January 13, 2006 | Commentary on Middle East
It is not every day one is lectured on national security by a
top Israeli general, and a lecture from Ariel Sharon is not
something you soon forget. Personally, I have never forgotten the
afternoon in the early 1990s, when Sharon came to tea (tea, of all
things!) at The Washington Times, and taught me why military men
almost always make more sense than politicians.
So, here's hoping that the Israeli prime minister will recover from his stroke of last week and be around to deliver many more lessons to ignorant scribes who need it, even if his days in politics now seem to have come to an end.
In my case, it was a naïve question about the West Bank settlements that set Mr. Sharon off. This observer, could not help wondering why the settlements were allowed to be such an obstacle not only to peace, but also to relations with Israel's most important international ally, the United States. It will be recalled that the first Bush administration under Secretary of State James Baker had deployed pretty heavy-handed tactics to make Israel stop building settlements
"You are looking at this the wrong way," Sharon said, drawing a map on his napkin. "The settlements are essential for Israel's security. If we are attacked from the East, we need the settlements for our field hospitals, and we need them to protect our supply lines. That's why I put them there." Coming, as this corrective did, from the former housing minister who planned Israel's settlement policy, in a stroke, it all made a lot more sense.
More than anything Mr. Sharon has been a pragmatic politician, who put Israel's security before the search for peace. He allowed the Israeli security fence to go up, as the enemy today is Palestinian suicide terrorist more so than the threat of military invasion from the east. He unilaterally ordered the withdrawal from Gaza, when it stopped seeming worth the cost of defending it, and he dismantled a number of settlements in the West Bank, though was clearly intent though on keeping others permanent. None of these moves were to be found in the "Road Map to Peace."

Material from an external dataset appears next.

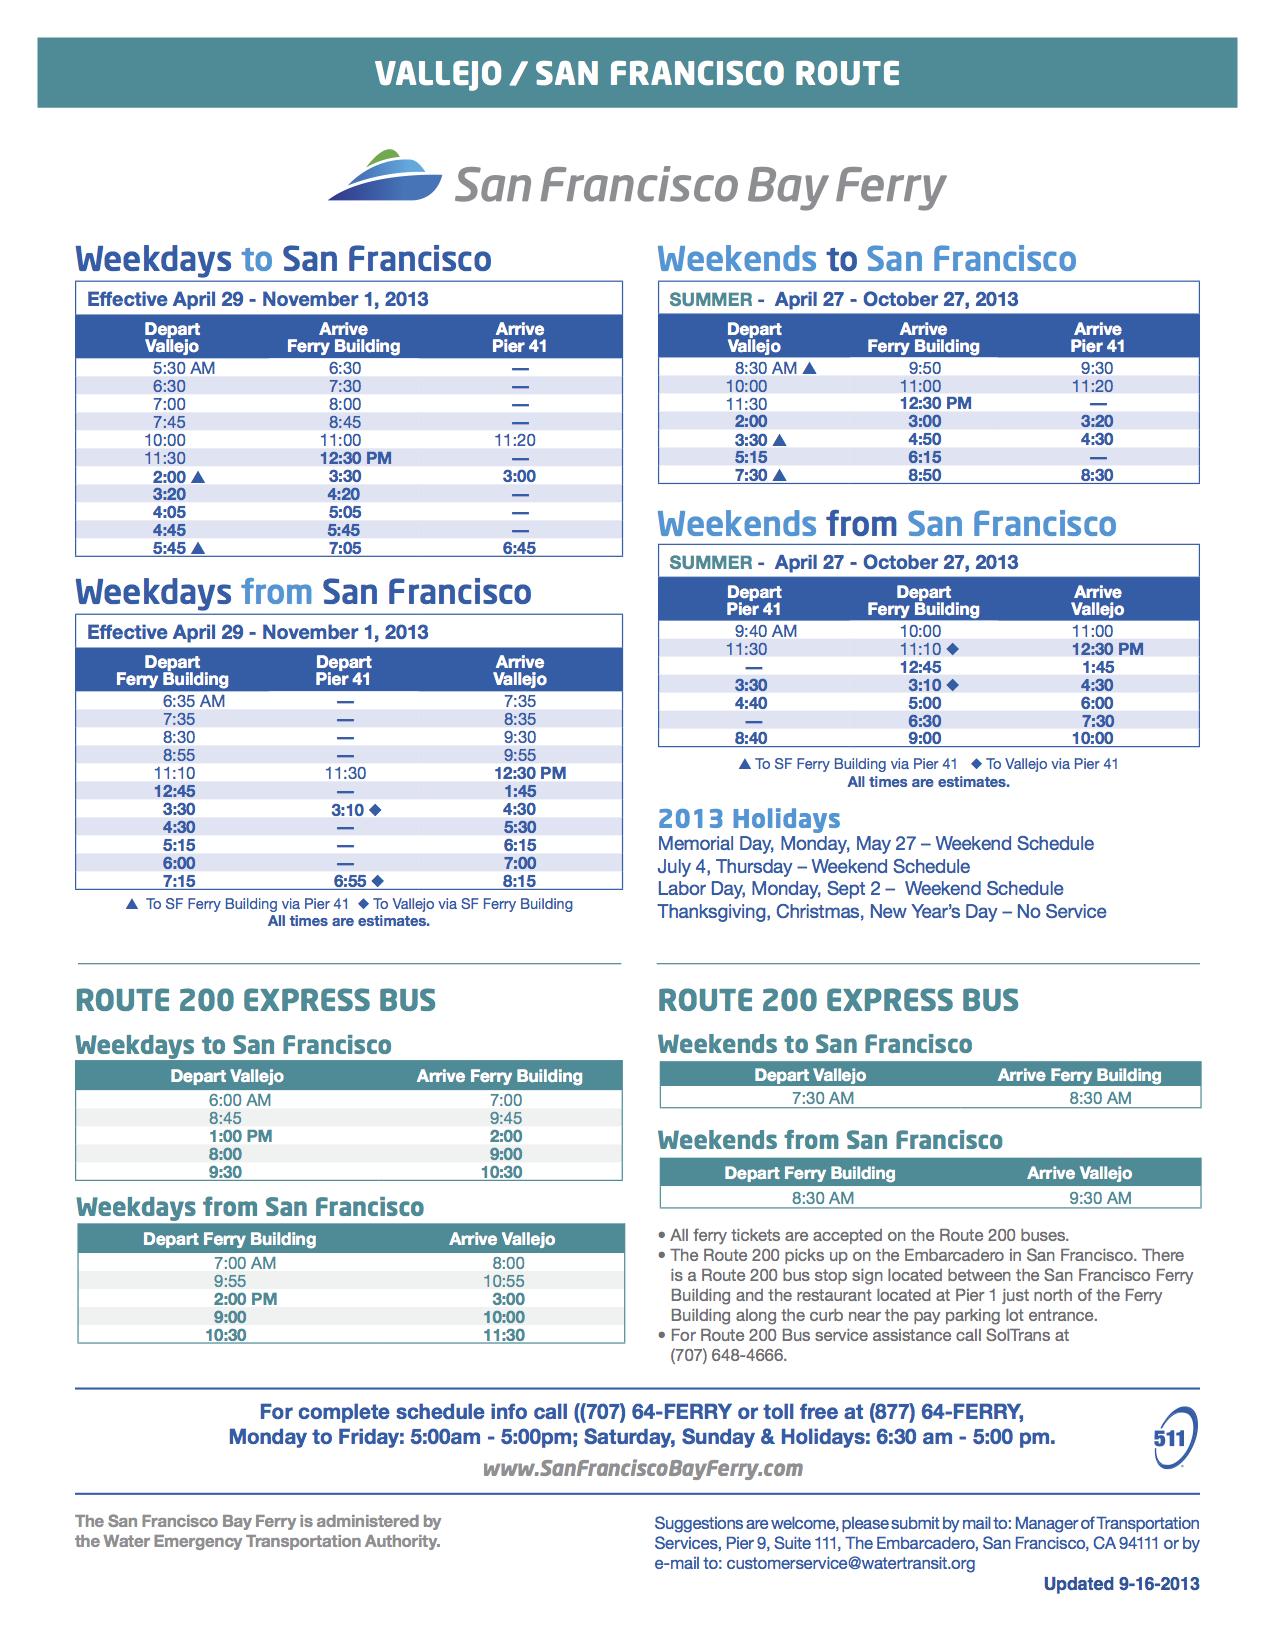 vallejo-to-san-francisco-ferry-schedule - vallejo bay ferry

And most recently, he left the party he helped form, Likud, in order to form a new one, the Kadima (Forward") Party, which have drawn supporters from both the right and the left in Israel. Before Mr. Sharon's medical emergency, Kadima stood to win by a landslide in the parliamentary elections scheduled for March. If one were to sum up his approach, it would be peace through security, rather than security through peace.
As it happens, Palestinians -- many of whom were busy cheering when the news came of Mr. Sharon's stroke -- might find that they stand to lose more than Israelis if he is unable to return to politics, as seems highly unlikely. As a pragmatist, Mr. Sharon would have been better equipped to deal with the messy result that is likely to ensue will probably have the effect of boosting the Israeli right as things stand now.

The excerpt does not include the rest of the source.